The big ‘L’ and ‘F’
Funnyman Chris Rock is coming to Broadway in a new play that aims to take a fresh look at love and fidelity. The play promises to be refreshing, with Chris turning his roll-on-the-floor-in-laughter inducing gags on two such weighty issues. The play may just do for men what The Vagina Monologues did for women — bring into open, humorous discussion, concepts that are considered taboo among a particular gender.
Where love and commitment are concerned, men tend to be slotted into two extremes: The commitment phobic, alpha male who looks at women purely as objects for one night stands, and the chocolate lover, as made famous by Shah Rukh Khan. Of course, it’s chocolate lover that a majority of women are shown swooning over. But does nothing lie in between these two extremes?

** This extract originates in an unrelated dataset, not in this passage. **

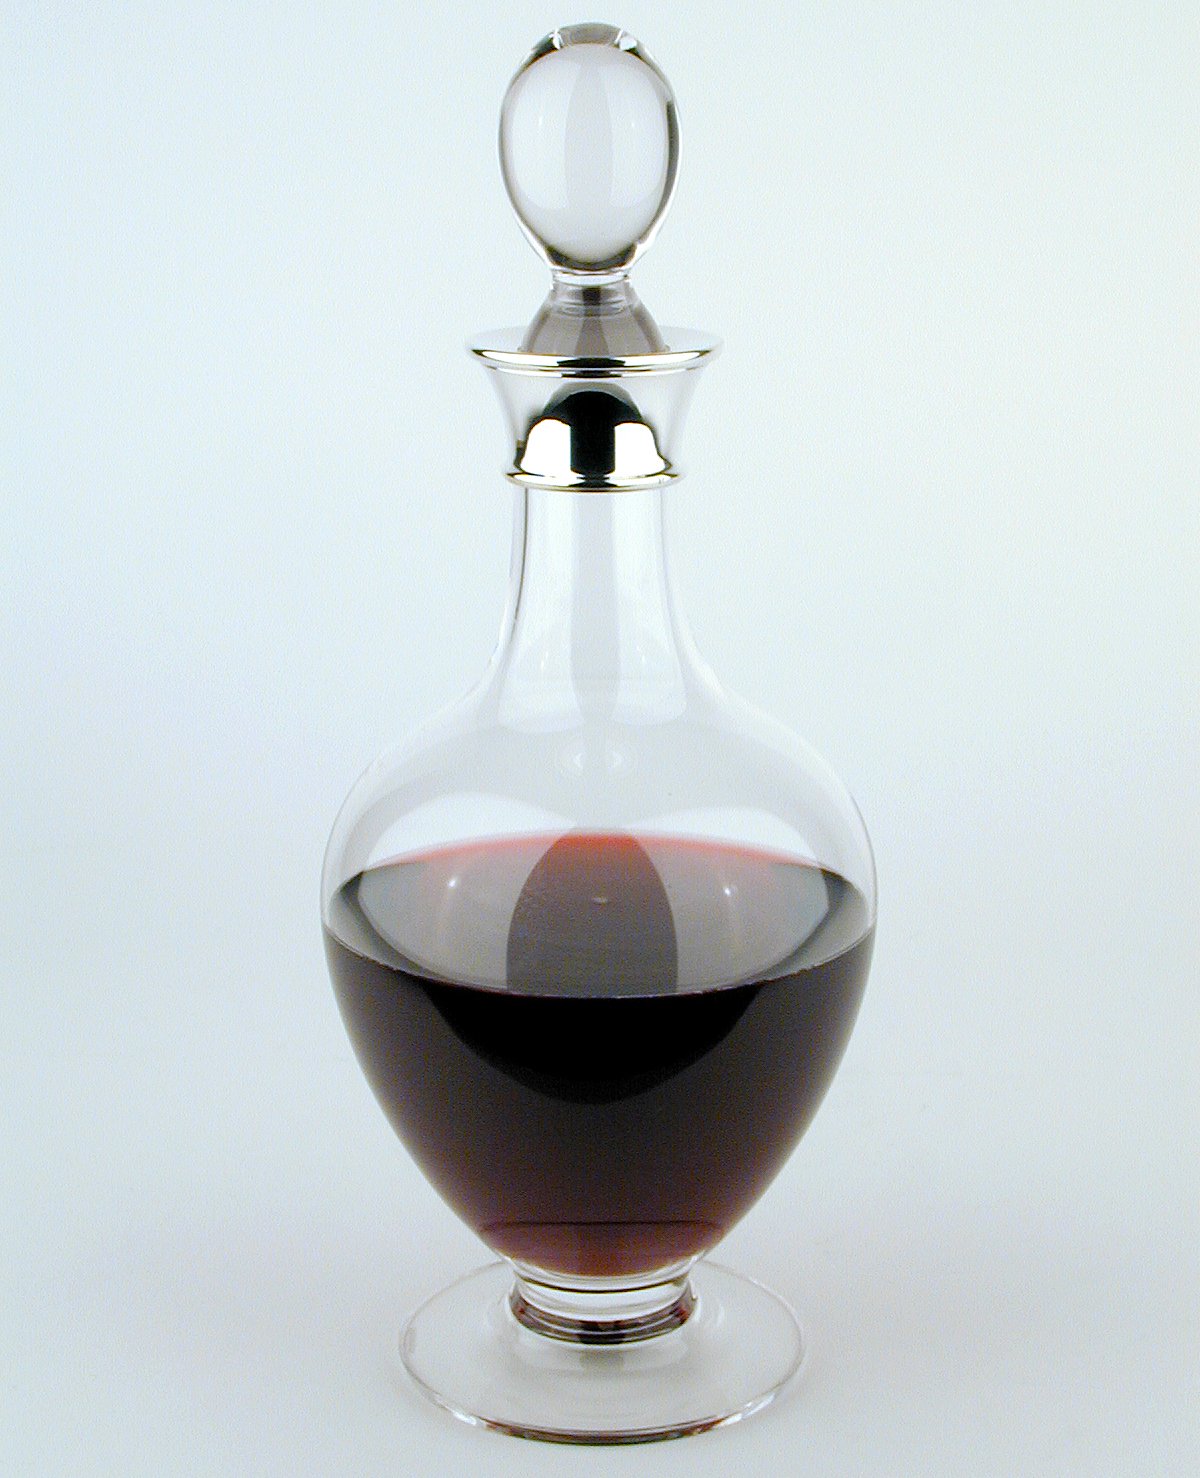 Wine jug

Investment adviser Ankush Makhija says most men have a common conception of fidelity, but differ widely on what they expect from love. “Fidelity to me, as to most men, means physical loyalty, which is hard enough. The problem is that most women expect men to be loyal in their minds as well — which is impossible. So men tend to lie, and women pretend to believe those lies,” he says.
But the male species fall deep when they do fall in love, qualifies Ankush: “As Shakespeare once said, ‘love doth make jackasses of us all’, I think that for all our posturing, men are the greater fools for love. We just pretend that we’re not, because it’s cooler that way.”
Law student Samarth Moray, on the other hand, entertains no such tender feelings. “They mean nothing,” he asserts, grudgingly admitting that it may be because he’s had several bad relationships.
While some display honesty and others dismissiveness, a lot of men still treat love and fidelity as concepts deserving ridicule. “Love is when the moon hits your eye like a big pizza pie,” jests Delhi-based blogger Bharat Iyer. “And fidelity is the degree to which an electronic system accurately reproduces the sound or image of its input signal.”
Dance guru Sandeep Soparrkar puts the concepts back in perspective: “I don’t believe love and fidelity have changed for either the ‘New Age’ or the ‘Old Age’ man! There were men whom you called ‘a one-woman man’ and there were others who had plenty of affairs. And there are as many men of both types even now. It’s an individual’s choice. You can never spot a trend where men are concerned.”